* DIRECTIONS *
Word for word, restate the lines of the listing below from the line with "Image 4 of 14" through the line with "Split-leaf philodendron a.k.a.", and do not include the pictures.

* DATA *
>>>

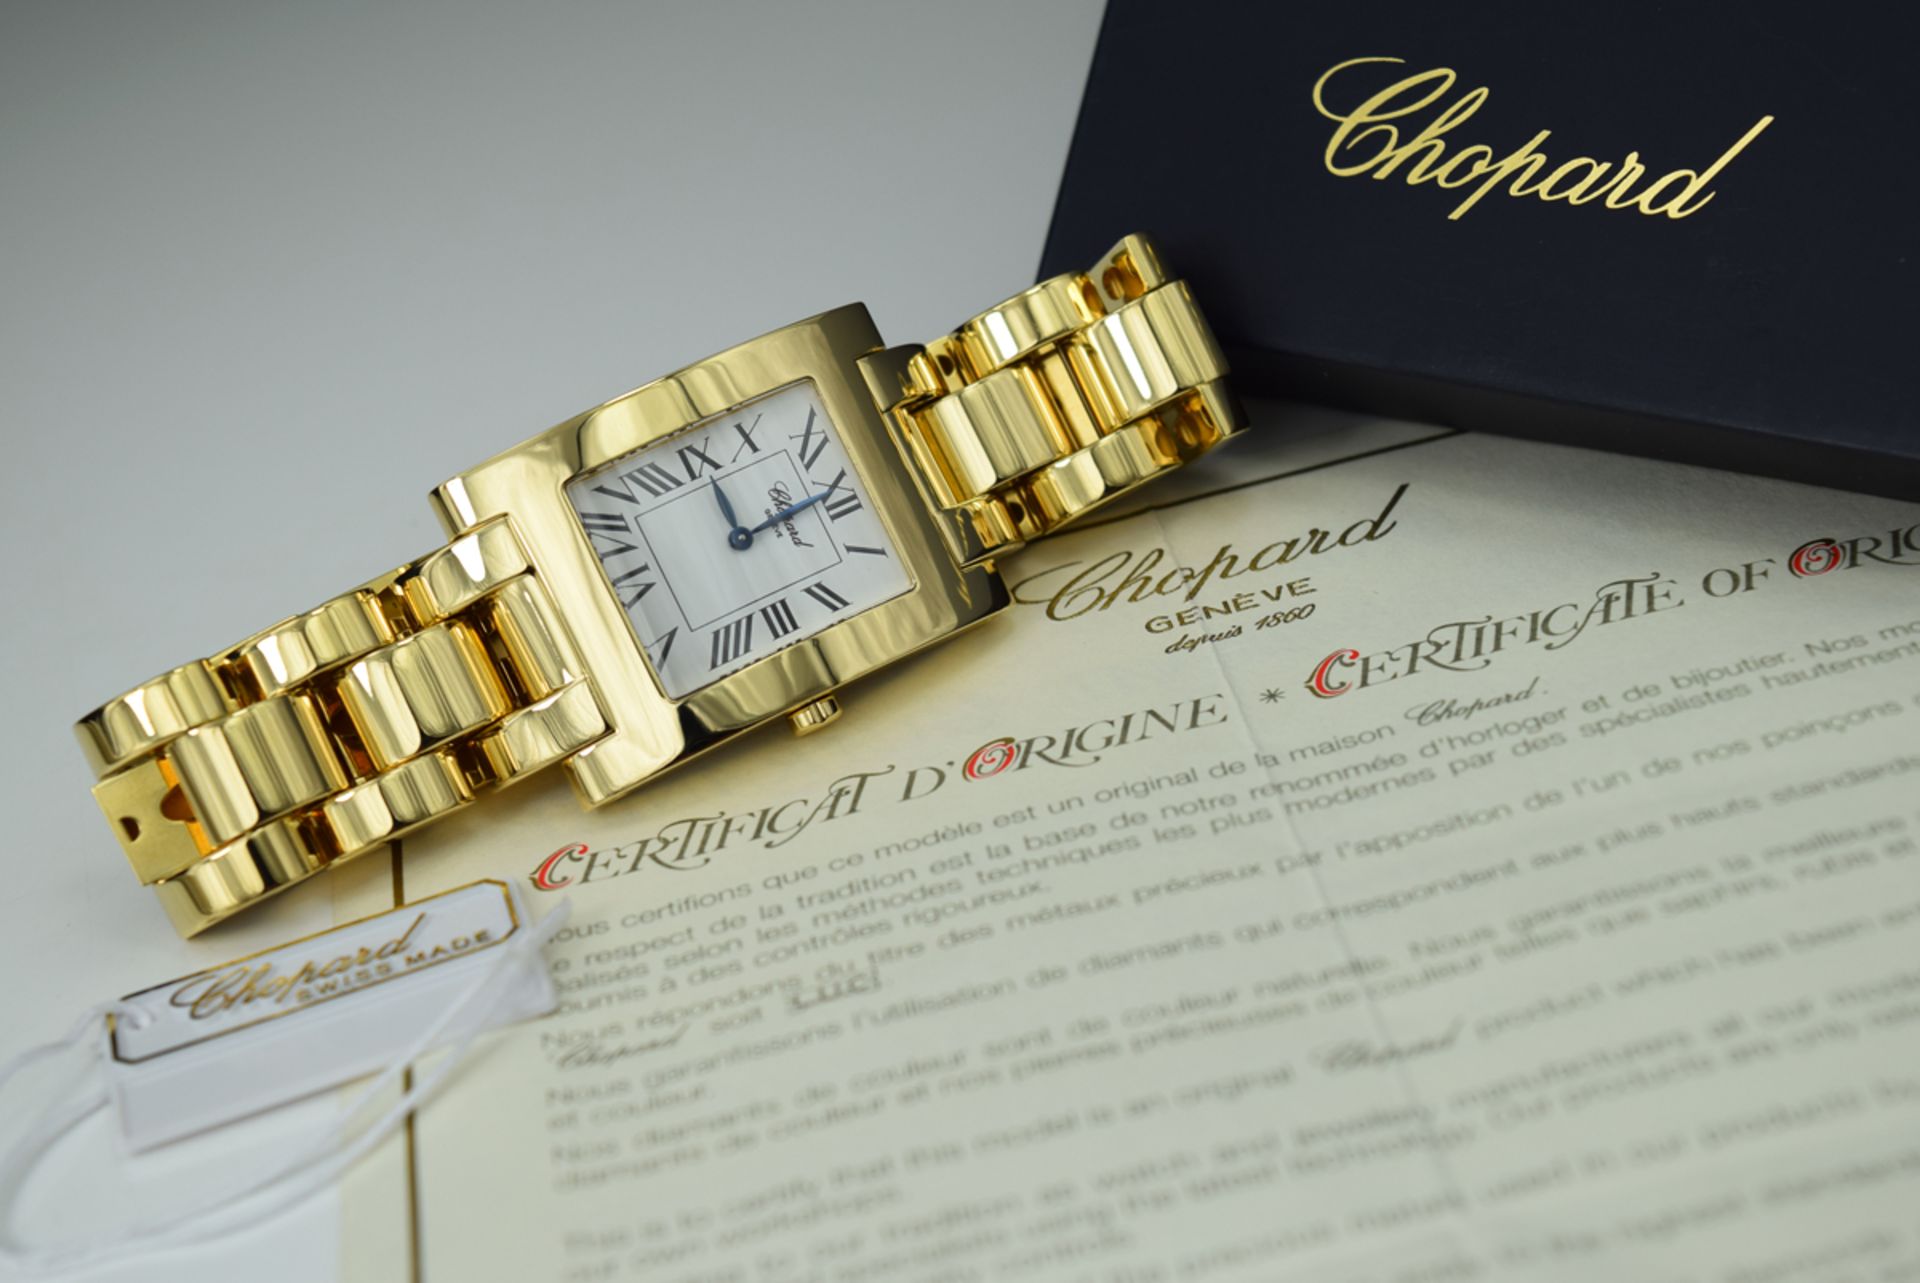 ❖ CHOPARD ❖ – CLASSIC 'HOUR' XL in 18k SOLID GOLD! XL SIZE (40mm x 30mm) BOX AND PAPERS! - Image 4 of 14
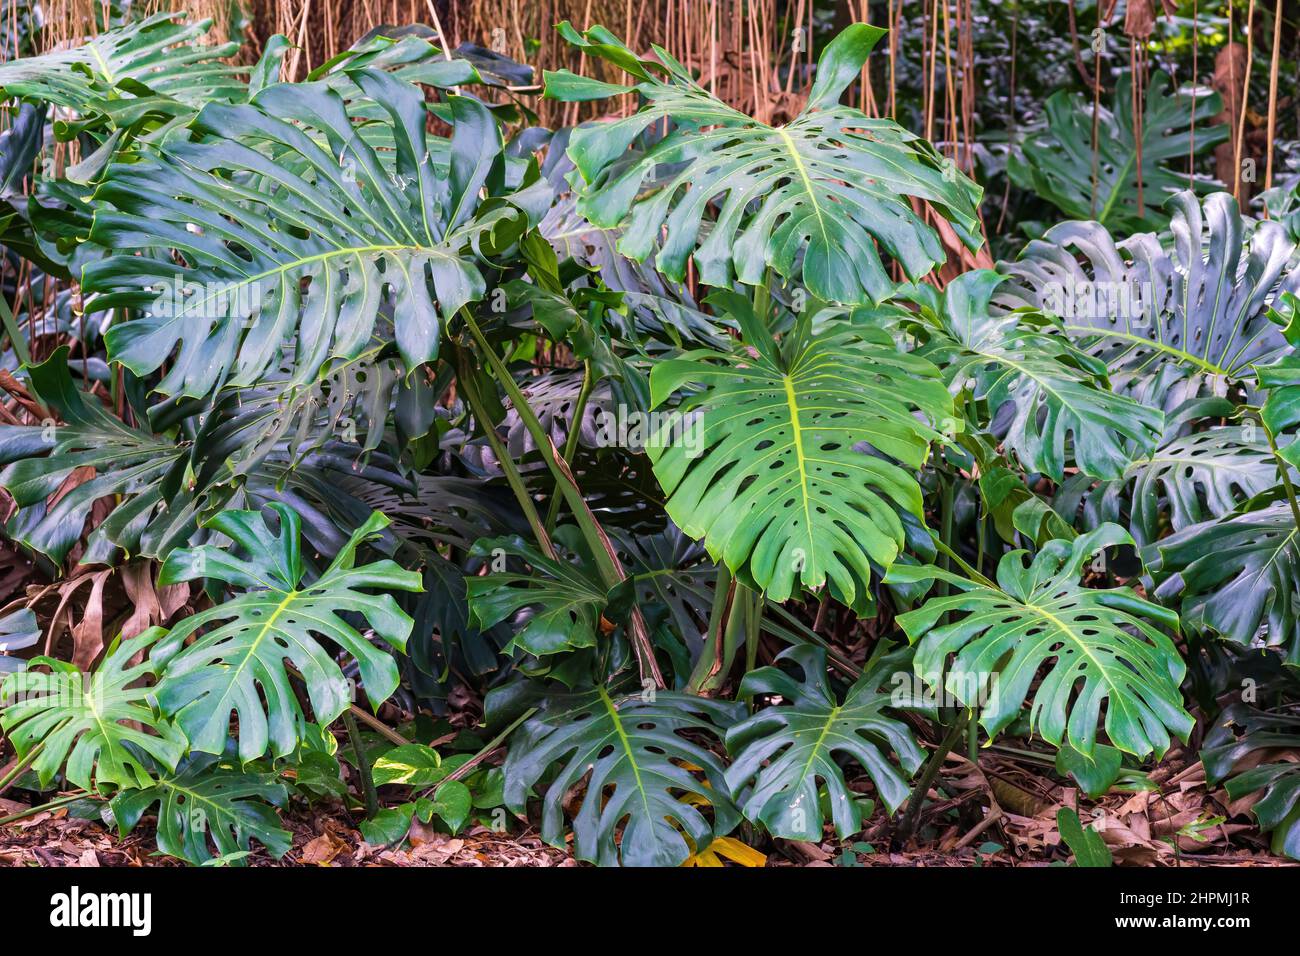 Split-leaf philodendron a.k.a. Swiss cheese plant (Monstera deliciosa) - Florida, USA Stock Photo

<<<
>>>

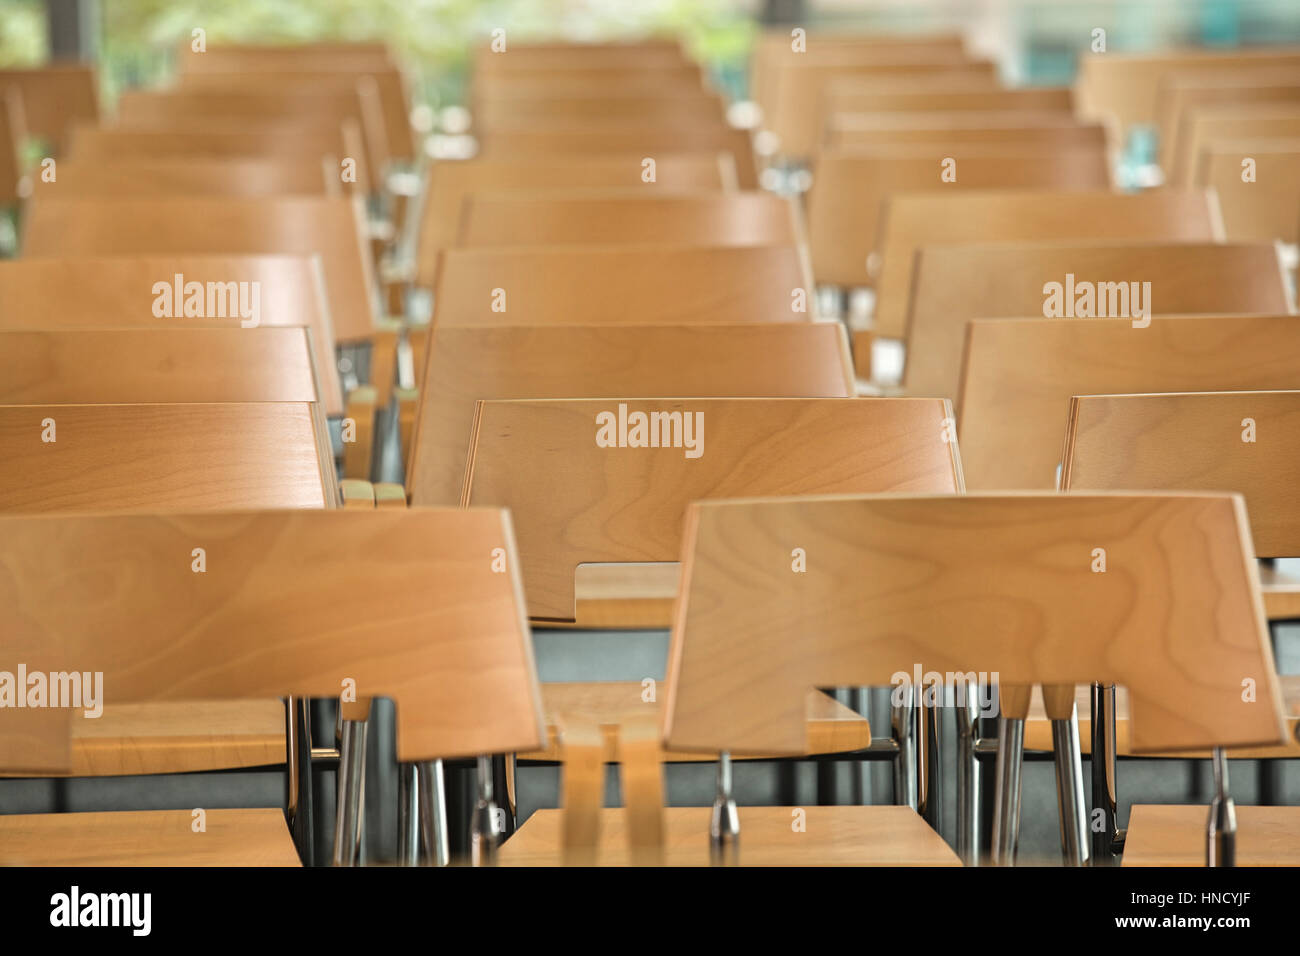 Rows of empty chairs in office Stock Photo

<<<
>>>

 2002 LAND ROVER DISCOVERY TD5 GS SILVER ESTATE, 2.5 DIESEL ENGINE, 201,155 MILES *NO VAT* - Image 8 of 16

<<<

* RESULT OF THIS TASK *
 ❖ CHOPARD ❖ – CLASSIC 'HOUR' XL in 18k SOLID GOLD! XL SIZE (40mm x 30mm) BOX AND PAPERS! - Image 4 of 14
 Split-leaf philodendron a.k.a. Swiss cheese plant (Monstera deliciosa) - Florida, USA Stock Photo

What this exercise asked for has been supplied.